Я рад сообщить Вам, что мои переговоры с архиепископом Хорватии

Алойзом Степинацем закончились нашей полной победой. Степинац, будучи

информирован папским двором о переписке, которая имела место между

фюрером и дуче, зная, видимо, что фюрер признал Хорватию сферой

итальянских интересов, согласился в своей повседневной деятельности

ориентироваться на нас, став, таким образом, второй силой Хорватии, а

по влиянию традиционного католицизма первой силой нации,

неподвластной Муссолини. Я бы просил Вас доложить об этой победе

германской стратегии великому фюреру германской нации, поскольку уже

после завершения переговоров со Степинацем, который дал согласие

лично встретить немецкие войска в Загребе, подчеркнув, таким образом,

роль истинных победителей в предстоящей кампании, я получил





телеграмму от рейхсминистра, в которой содержится требование прервать

все мои контакты в Хорватии, учитывая договоренность между фюрером и

дуче. Я думаю, однако, что Вы найдете в лице рейхслейтера Розенберга

и обергруппенфюрера Гейдриха союзников, которые также будут

проинформированы мною о проделанной работе. Я бы мечтал о том, чтобы

фюрер поддержал мою деятельность и защитил меня перед рейхсминистром,

который - опасаюсь - может быть раздосадован фактом этих

несанкционированных им переговоров. Зная Вашу постоянную ко мне

доброту, ощущая Вашу постоянную, невидимую, но могучую поддержку, я

бы просил почтительного разрешения и впредь верить, что вся моя

работа, отданная идеям великого фюрера, будет находить Ваше понимание

и поддержку.

Хайль Гитлер!

Искренне Ваш

доктор Э. Веезенмайер".

Отправив две короткие шифровки Гейдриху и Розенбергу, Веезенмайер уехал наконец в Фиуме исполнять предписание МИДа, понимая, что главную партию он выиграл неожиданно быстро и что все его прежние кажущиеся победы и поражения на самом-то деле были лишь подступами к главному триумфу.
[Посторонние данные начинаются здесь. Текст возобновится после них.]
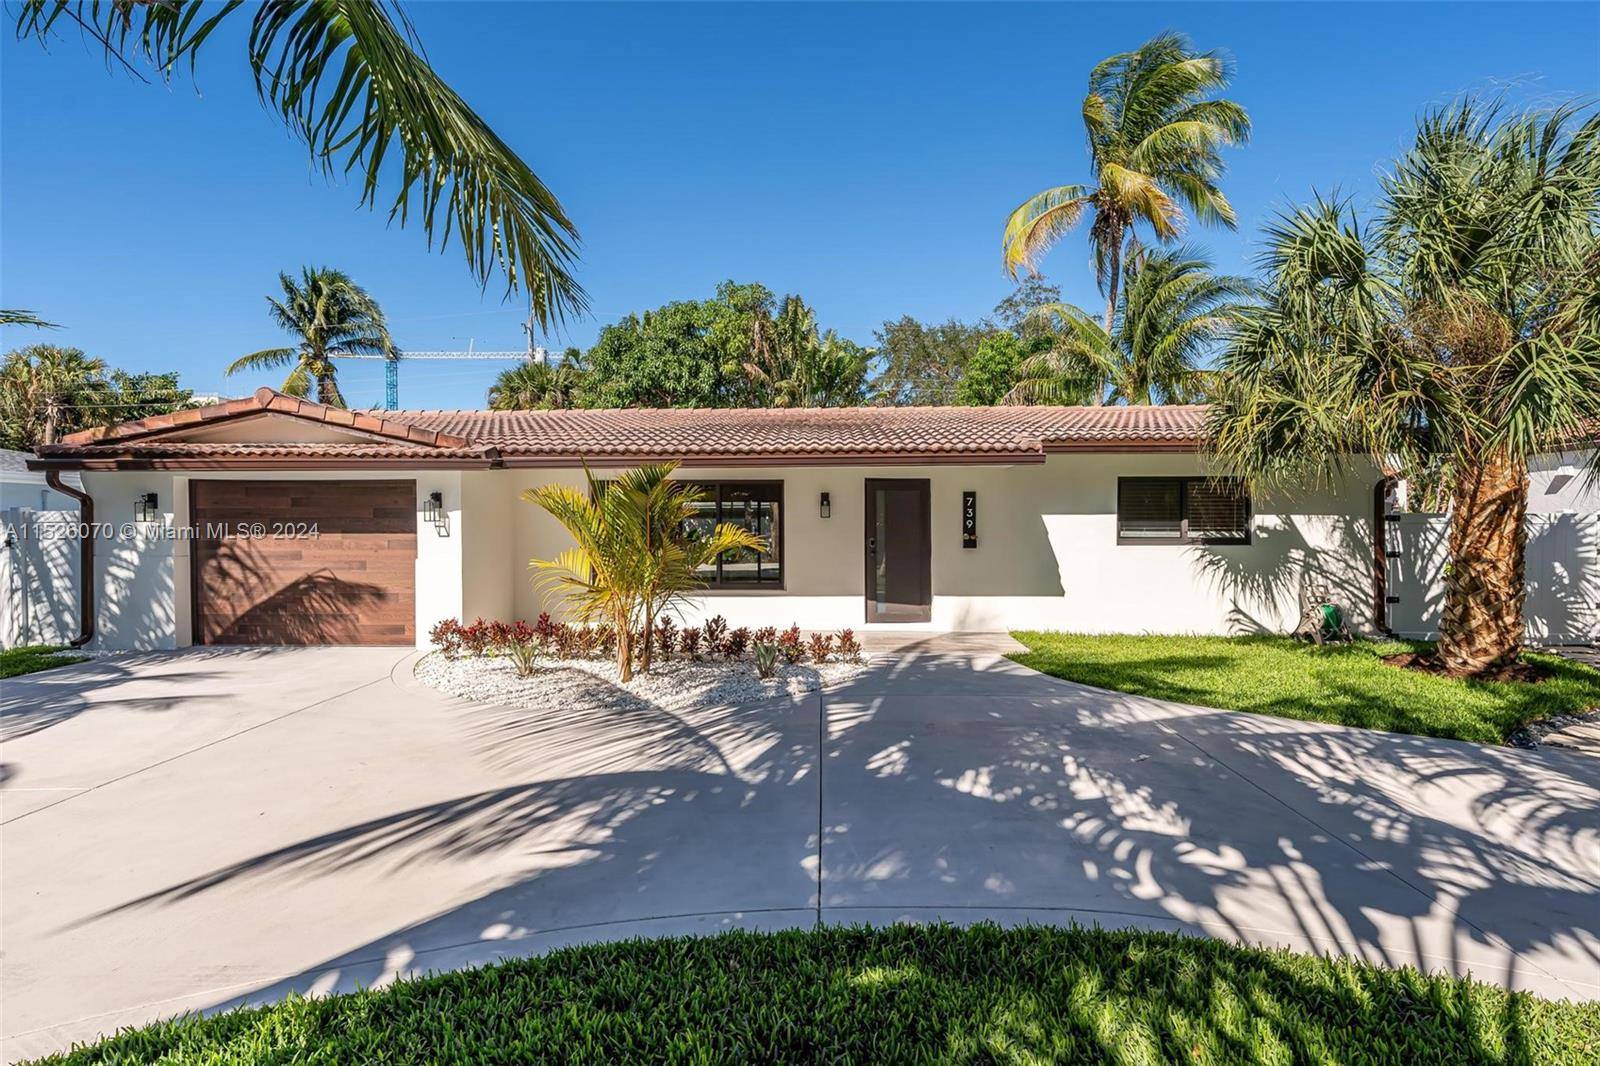 This resplendent 3 bedroom, 2 bathroom residence beckons those seeking the epitome of the South Florida lifestyle.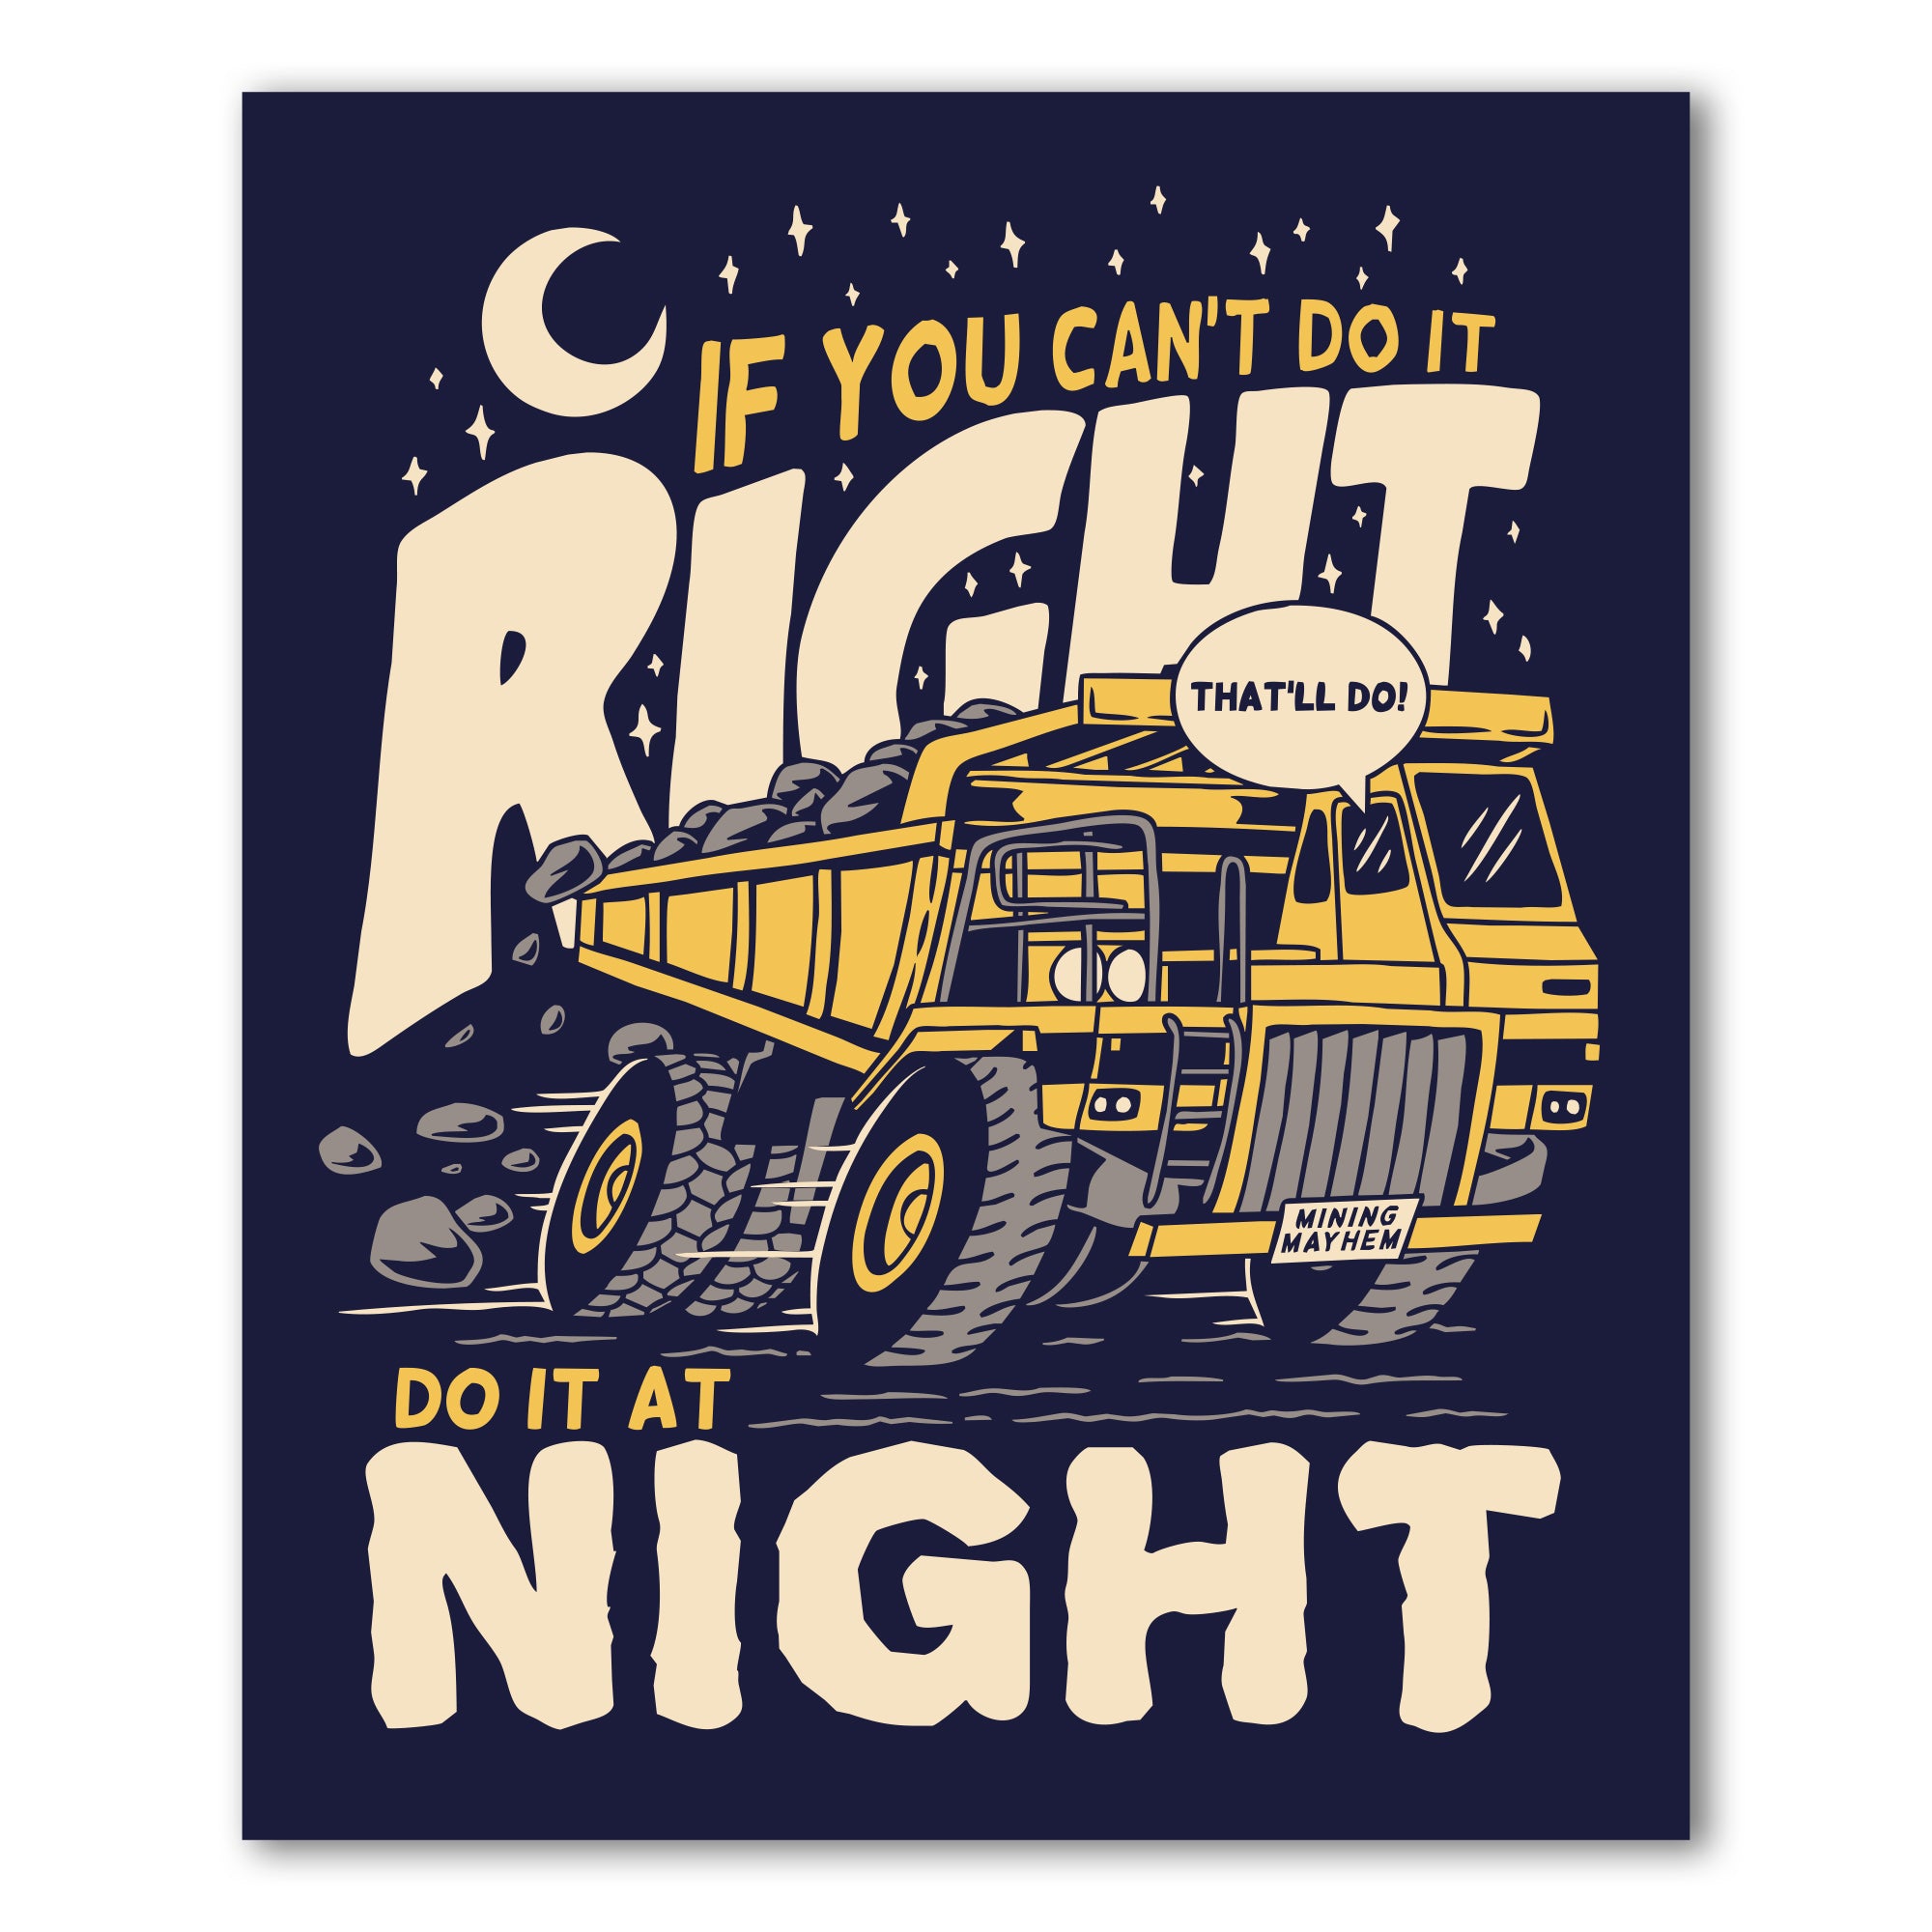 If You Can't Do It Right, Do It At Night - Sticker

"Чем глубже прыжок в зеленую жуть морской пучины, - думал Веезенмайер, удобнее устраиваясь в углу большого "майбаха", - тем сладостнее миг, когда ты поднялся к небу, и вдохнул полной грудью воздух, и увидел солнце в синих и вечных небесах. Сейчас я увидел солнце. Сейчас можно закрыть глаза и вздремнуть, и пусть мне во сне приснится матушка, добрая моя и нежная мамми".

МАЛОДУШИЕ ЛЕЖАТЬ, КОГДА МОЖЕШЬ ПОДНЯТЬСЯ

_____________________________________________________________________

Наутро Везич пообещал Ладе купить билеты на самолет в Швейцарию. Он дал ей слово, что не предпримет ни одного шага, который бы грозил не ему уже теперь, а им двоим. Однако он не мог до конца честно выполнить своего обещания и послать к черту этот бедлам, который именовался королевской Югославией, забыть ужас, который пришлось ему пережить в эти дни (а что может быть страшнее ужаса бессилия для натуры деятельной, способной четко и быстро мыслить). Желание уехать с Ладой существовало в нем неразделимо с желанием сделать то, что он мог и обязан был сделать перед лицом своей совести.

Он понимал, что, не сделай он того, что предписывал ему долг, счастью их будет постоянно грозить душевное терзание: "Ты мог, и ты не стал, и этим своим "не стал" обрек на мучительную гибель десятки, а то и сотни людей". Любовь, возросшая на смерти; счастье, построенное на предательстве; искренность, рожденная на измене, невозможны, как невозможно солнце в ночи.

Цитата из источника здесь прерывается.